(Material supplied Opens)
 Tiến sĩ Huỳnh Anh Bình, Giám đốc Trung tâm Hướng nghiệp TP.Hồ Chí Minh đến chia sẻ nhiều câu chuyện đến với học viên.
(Material supplied Closes)
(Material supplied Opens)
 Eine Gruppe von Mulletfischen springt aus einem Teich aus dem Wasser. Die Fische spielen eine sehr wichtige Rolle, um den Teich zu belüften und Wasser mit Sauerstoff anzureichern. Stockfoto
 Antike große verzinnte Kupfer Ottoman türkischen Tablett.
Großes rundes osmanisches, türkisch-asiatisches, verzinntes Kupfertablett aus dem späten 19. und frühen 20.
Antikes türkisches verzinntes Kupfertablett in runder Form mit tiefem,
(Material supplied Closes)
> _Task_
From the listing above, collect each line in which the string "verzinntes" appears.

> _Solution for this task_
Großes rundes osmanisches, türkisch-asiatisches, verzinntes Kupfertablett aus dem späten 19. und frühen 20.
Antikes türkisches verzinntes Kupfertablett in runder Form mit tiefem,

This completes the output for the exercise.